Activity: Images are to be dropped, and the rest of the data reproduced exactly.

Data below:
++++++
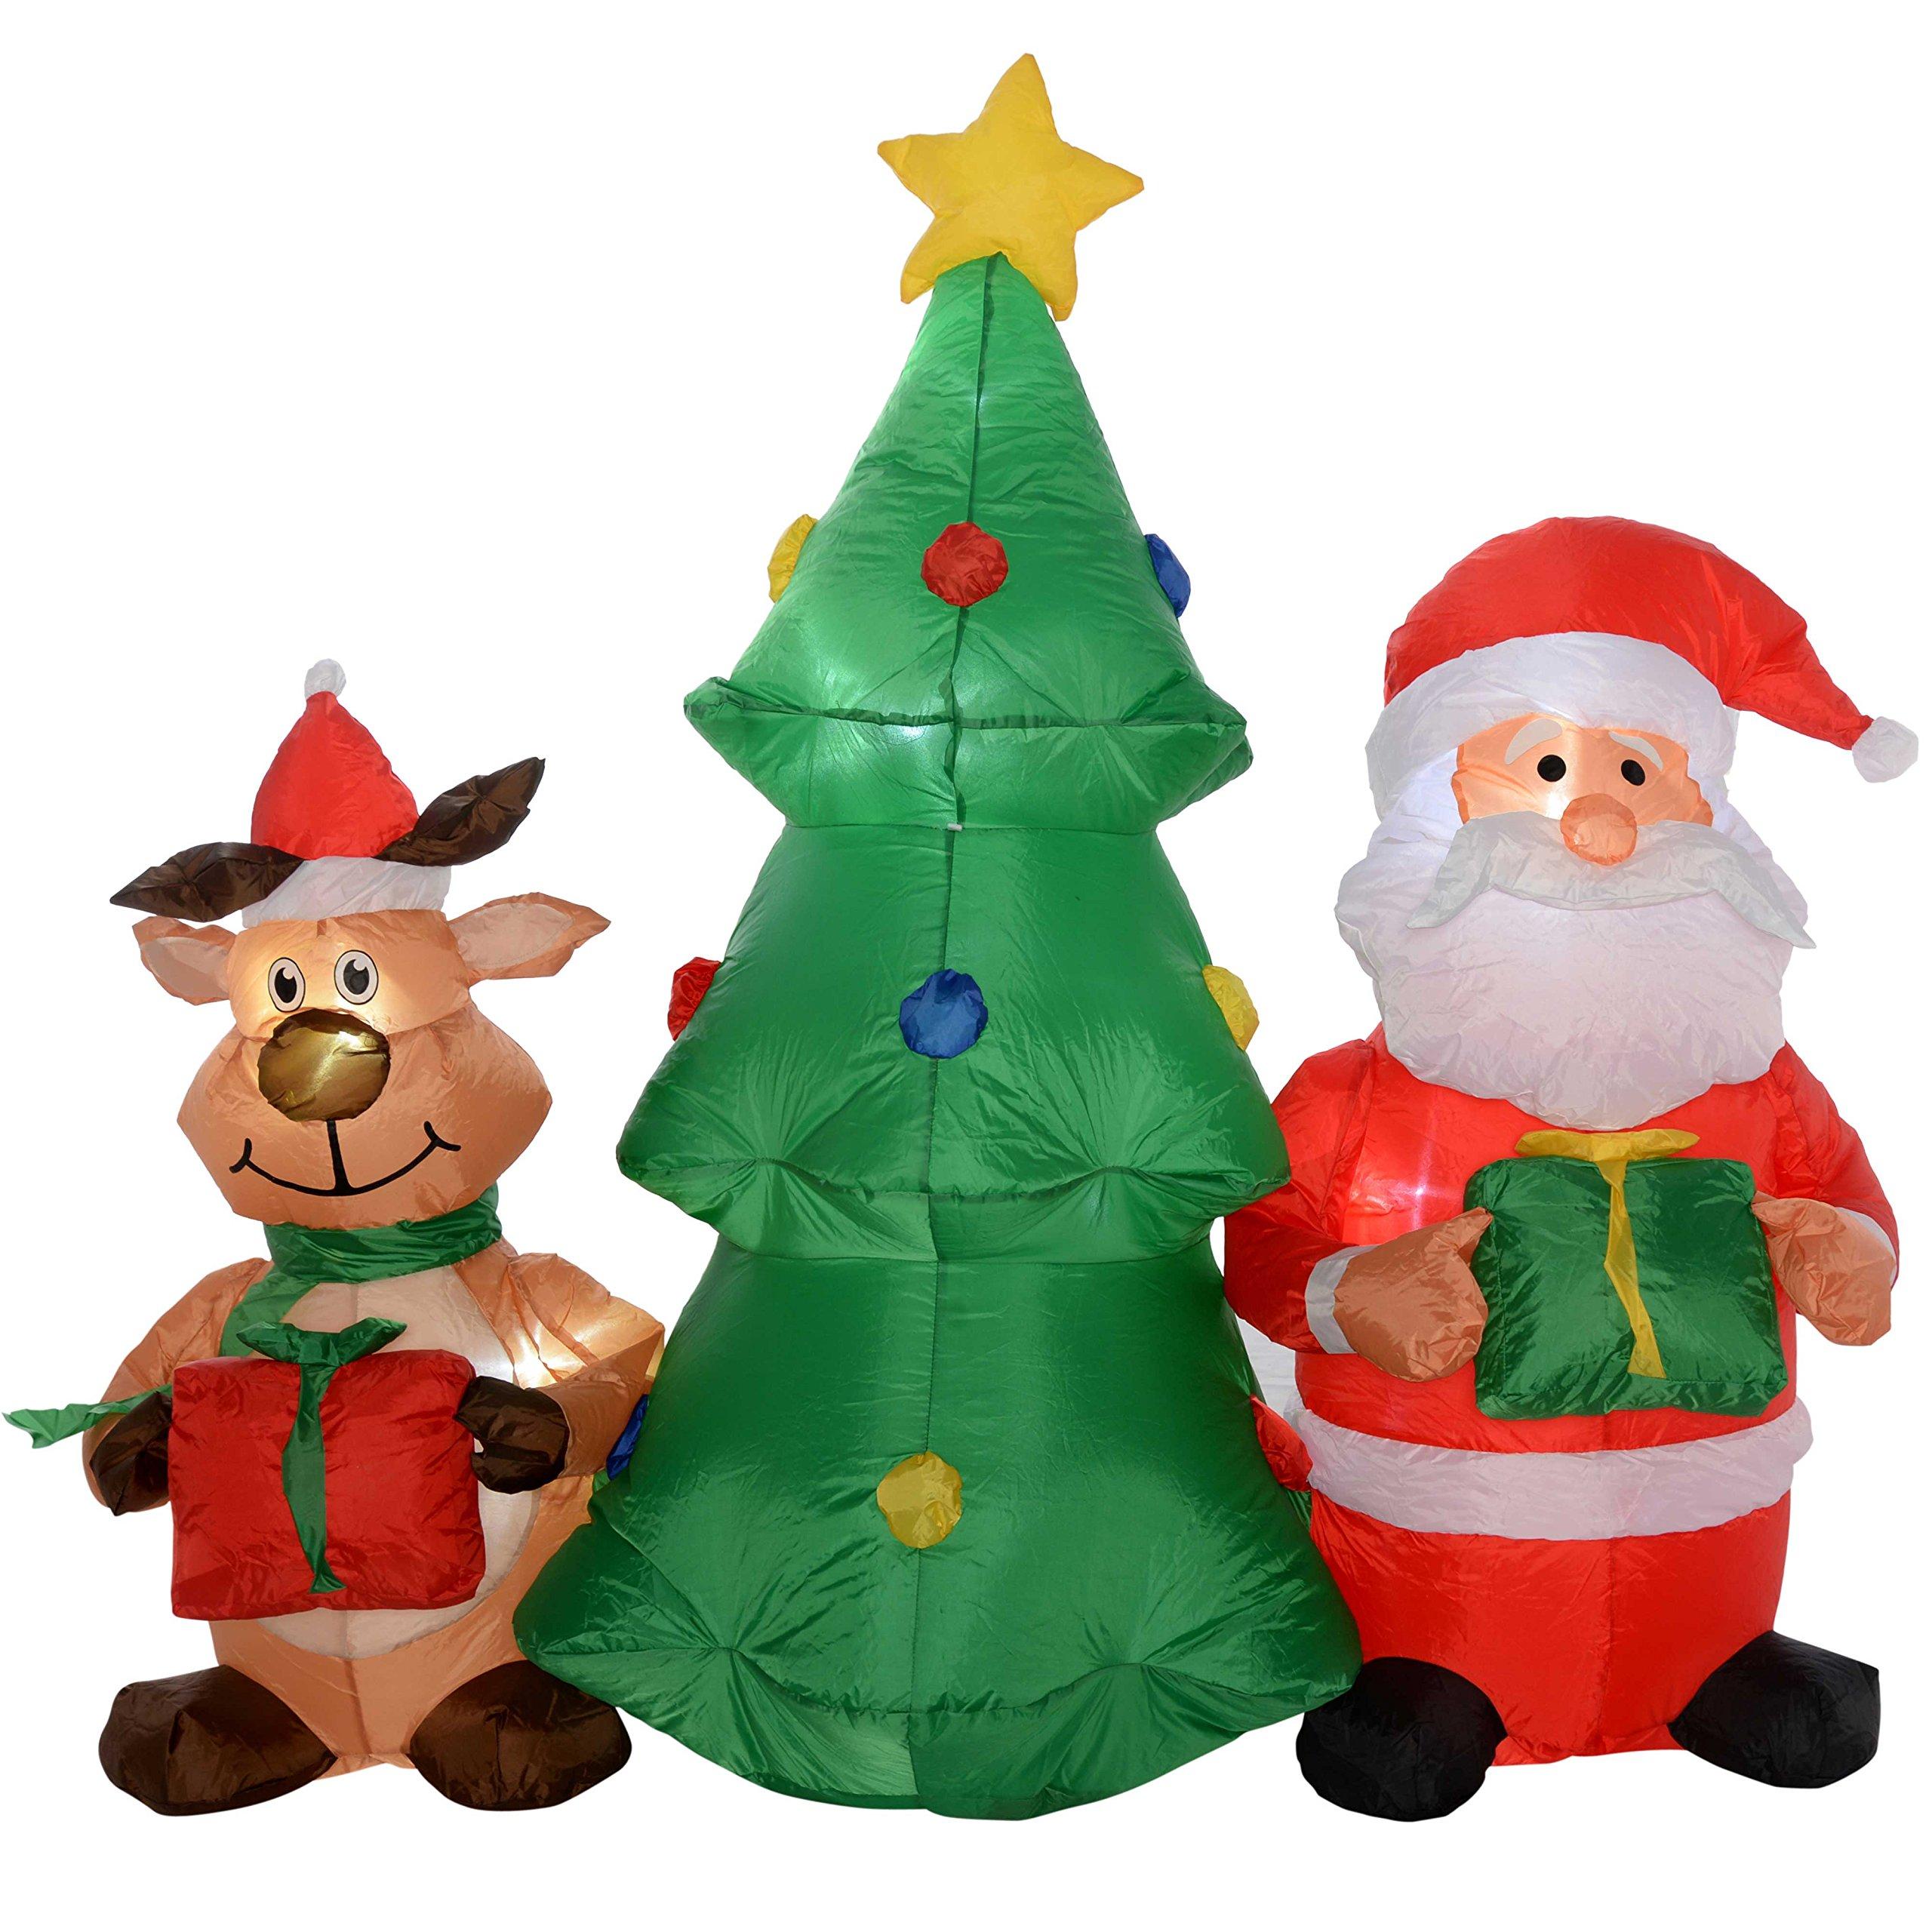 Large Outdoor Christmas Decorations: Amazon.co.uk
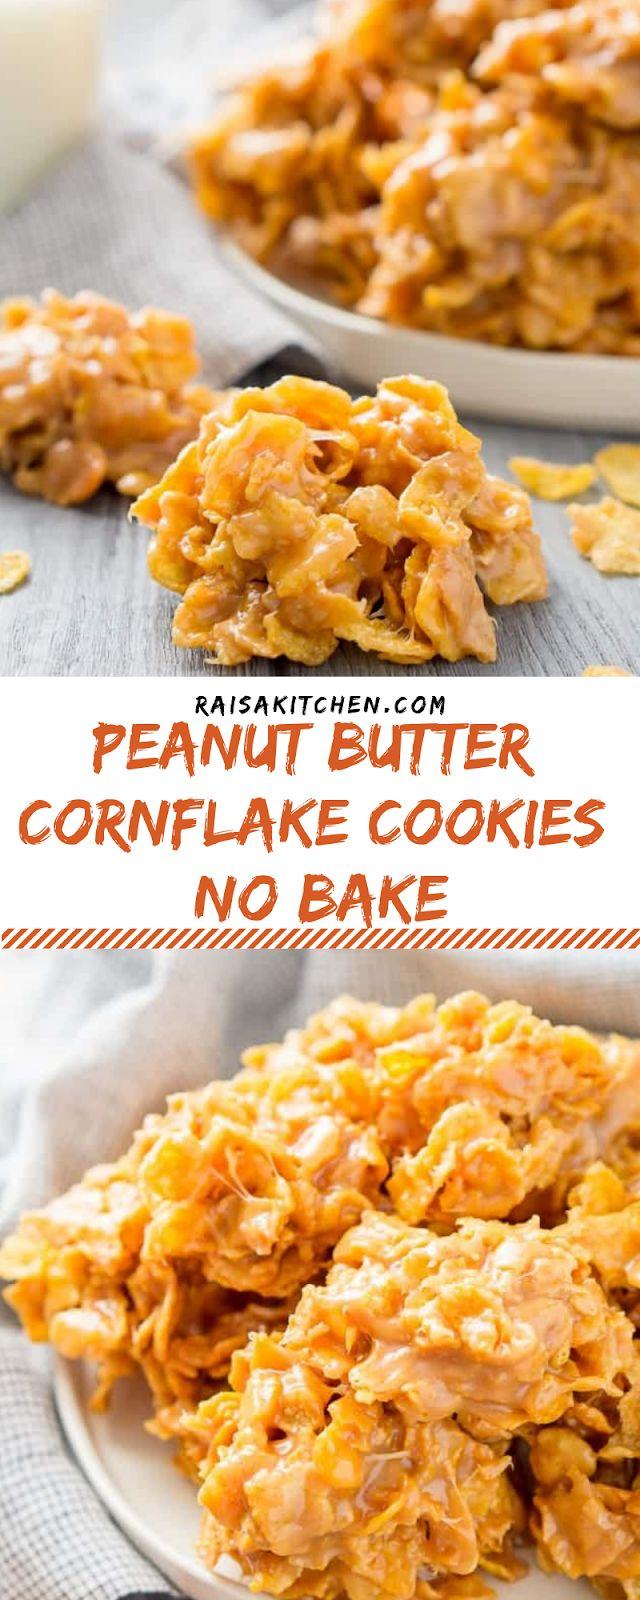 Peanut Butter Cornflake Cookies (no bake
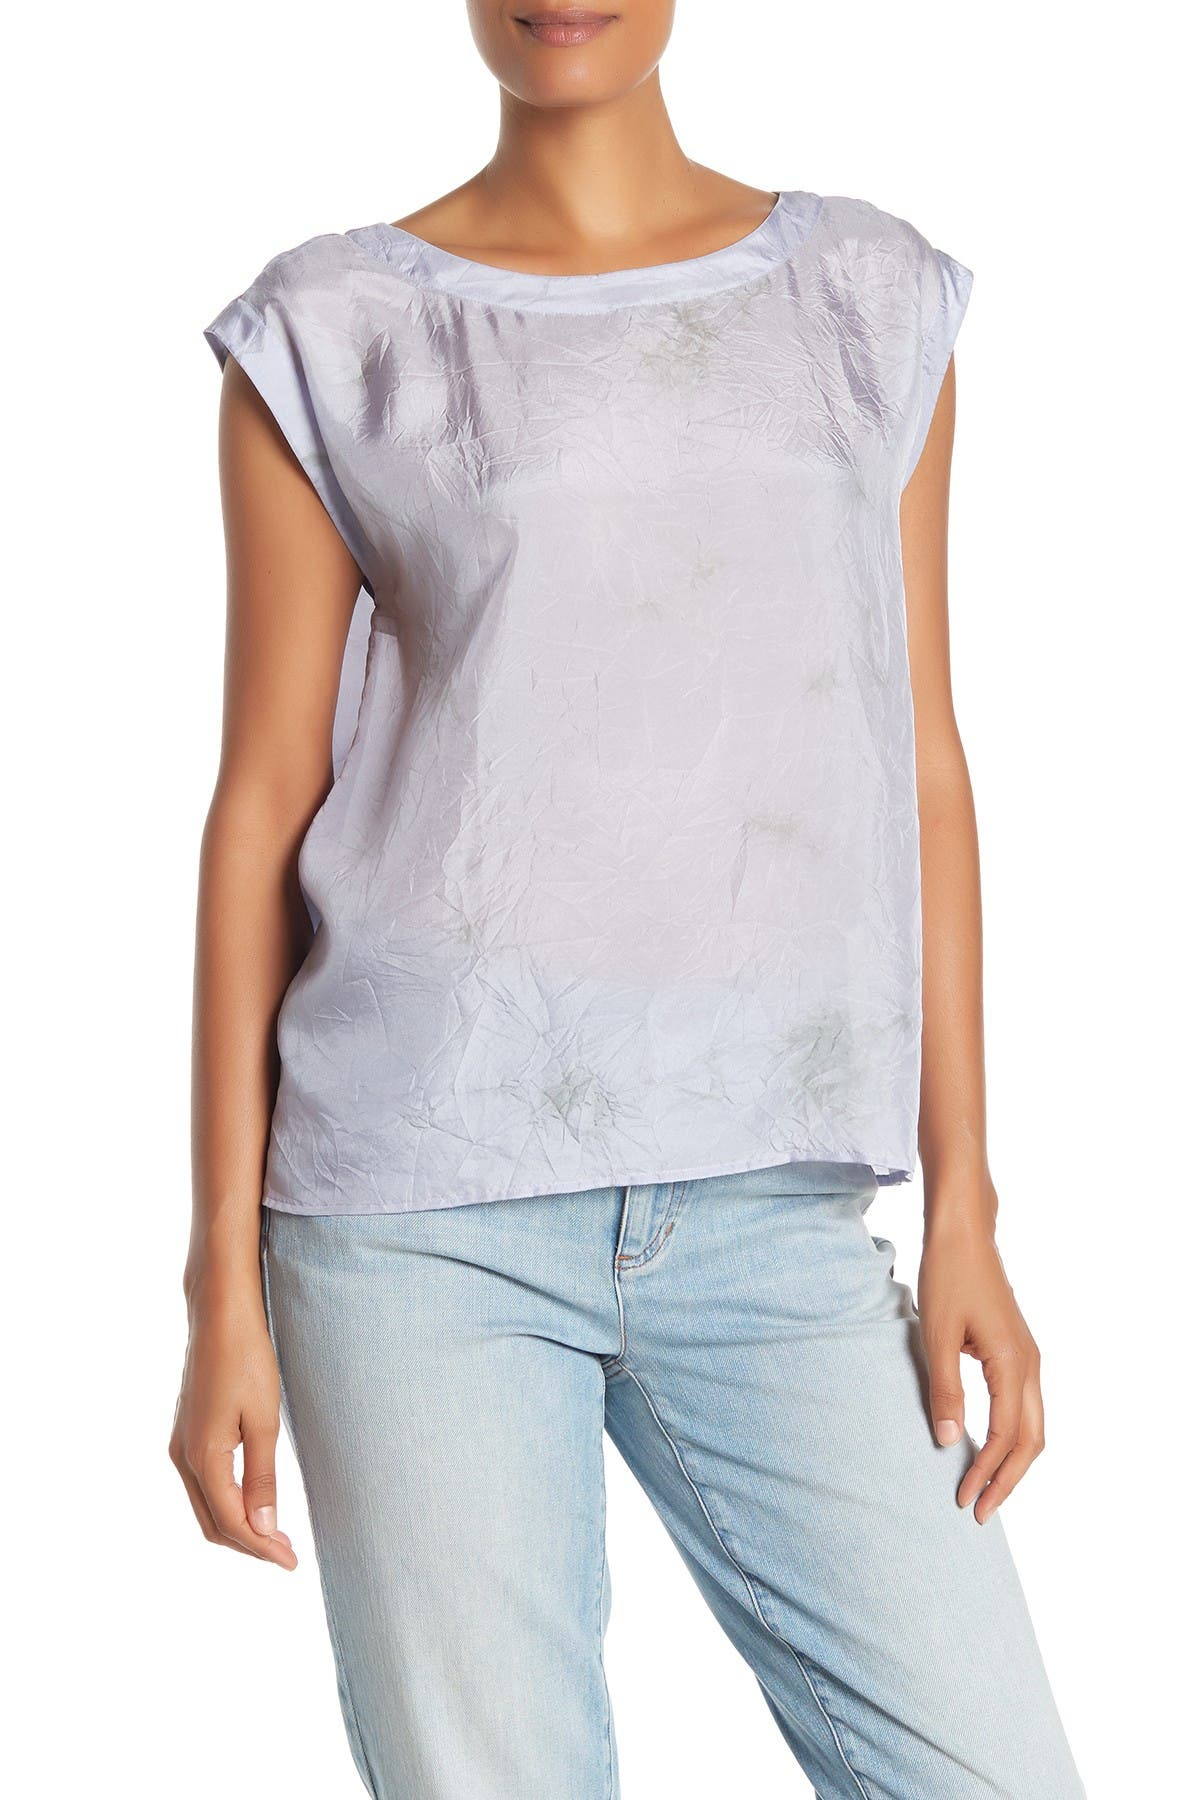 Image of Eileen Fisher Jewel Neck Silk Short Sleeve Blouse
++++++
Finished exercise:
 Large Outdoor Christmas Decorations: Amazon.co.uk
 Peanut Butter Cornflake Cookies (no bake
 Image of Eileen Fisher Jewel Neck Silk Short Sleeve Blouse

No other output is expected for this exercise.